В аэропорту, как обычно, встречала жена, и шофер нес за ним чемодан. «Кто звонил?» — спросил Евгений Степанович первым делом. Тревожных звонков не было, особо значительных — тоже. А дома ждала дочь, Ирина. Покачивая бедрами, большая породистая кошка, рысь пушистая, она подошла, обняла его, надавила грудью, обдав запахом французских духов.
— Не наваливайся! — сказал он и хлопнул ее по заду.
— Да? Немедленно одерни!
«Красивая, мерзавка! — подумал Евгений Степанович, любуясь дочерью. — И знает, что красива, знает свое оружие».
И тут же перерешил: серебряные, с зелеными камнями, украшения — жене, черный, шитый серебром халат — Иринке.
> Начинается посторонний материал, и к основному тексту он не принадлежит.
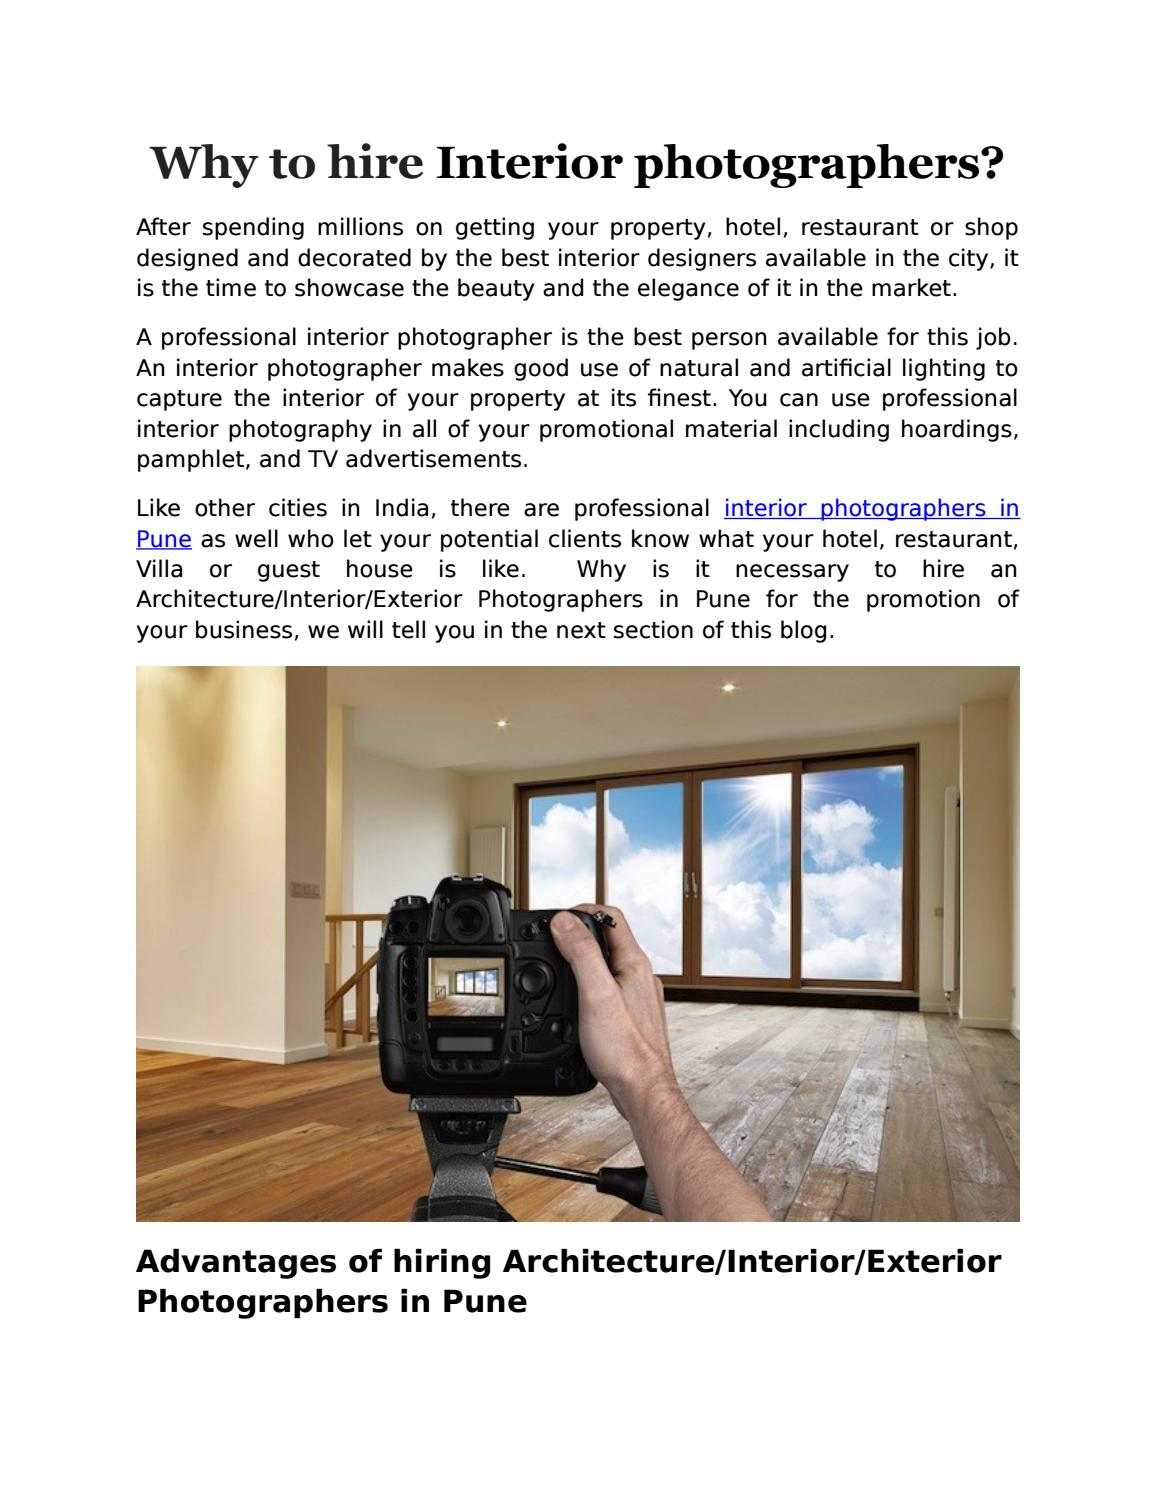 Why to hire interior photographers by Angad Joshi - issuu

Но торжество было на другой день, в Комитете. Все уже знали, что поездка прошла удачно, расценена положительно (Евгений Степанович успел представить все в выгодном свете и был похвален), и встречали его как героя. Способствовало этому еще и то обстоятельство, что председатель Комитета находился в служебной командировке, в одной из капстран, иначе само его присутствие сделало бы неприличным столь явное и одностороннее проявление всеобщего энтузиазма. Все, кто в этот день входил в кабинет Евгения Степановича и выходил из него, чувствовали себя сопричастными торжеству, словно бы повышенными в ранге, и в самом воздухе Комитета, где обычно к обеденному часу преобладали запахи столовой со второго этажа — запах жареной рыбы, тушеной капусты, томатной подливки, — распространялись сегодня флюиды и какие-то неясные надежды.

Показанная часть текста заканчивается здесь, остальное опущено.